In the meantime, his MCI was being held at bay by NeuroMag and other supplements recommended by a friend who is a nutritionist and in whom I have a great deal of trust.

Since we were waiting watchfully, we took a trip to New Jersey and Vermont to visit family and friends.  Of course, due to the MCI, he's been told not to drive so I did all the driving. Tiring but really and truly, I didn't mind the driving part at all. The lugging of the suitcases in and out of hotels was another story.
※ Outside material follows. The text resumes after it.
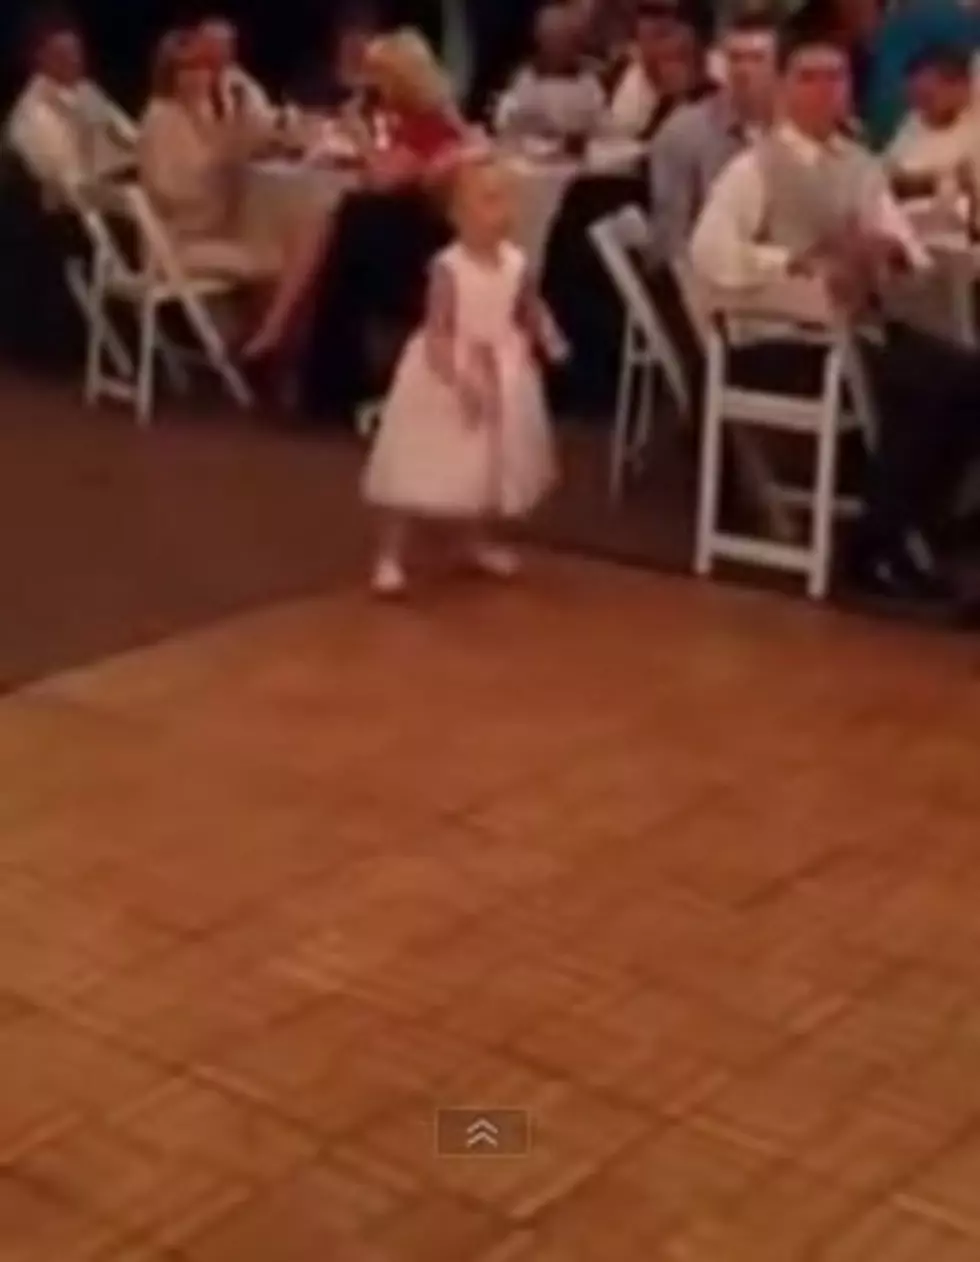 Girl's Dance Moves [VIDEO]

Due to all the hospital visits and doctors' visits, we decided in May of 2017 to hop in the car and head to Palm Springs, California to get married.  "After over 31 years of living together, we decided to take the plunge and get married" was my Facebook announcement. Folks were stunned but it was much easier to be married and maneuver hospitals and doctors.  Fun trip and yes, I did all the driving. But the ring Jay gave me more than made up for it!

Jay was having PET scans every three months to keep an eye on the growth.  In July of 2017, Dr. J. removed a cancerous lymph node and all the other nodes in the mediastinum.  We felt as if he'd gotten it all.  However, the September PET scan showed another growth.  Off to Dr. A., for another surgical biopsy in November.  Dr. A. was very forthcoming with me and after using the word HOSPICE several times, he got my attention. It appears Jay has metastatic cancer for which their is no cure - no source - if one tumor is removed, another will raise its ugly head in another part of his body in the matter of just a few weeks.  Dr. F. told us NOT to be be unduly worried as it's slow growing and she assured us she would give us fair warning before hospice needs to be called in.

Dr. H., our primary, has been seeing Jay every three months to keep an eye on his MCI.  Now, because of the stress, she sees me every three months as well.  She told me that writing a blog would help not only me, but could very well help other folks in this situation.

Jay's now being infused with Erbitux once a week - for the rest of his life.  Sometimes the MCI seems like a blessing as he doesn't seem to stress about the cancer, but other times, he is very childlike in his rantings.  I often call him My Toddler and when I told this to Dr. H., she said it was true but that he just wouldn't get "older" due to the MCI.

So, that's some history.  I'm going to try to use this platform as a way to vent so as not to burden family and friends with my everyday issues.  If anyone finds any of this helpful so far or in future postings, please don't hesitate to ask questions. Or give advice.

Thanks for your shoulder! More to come.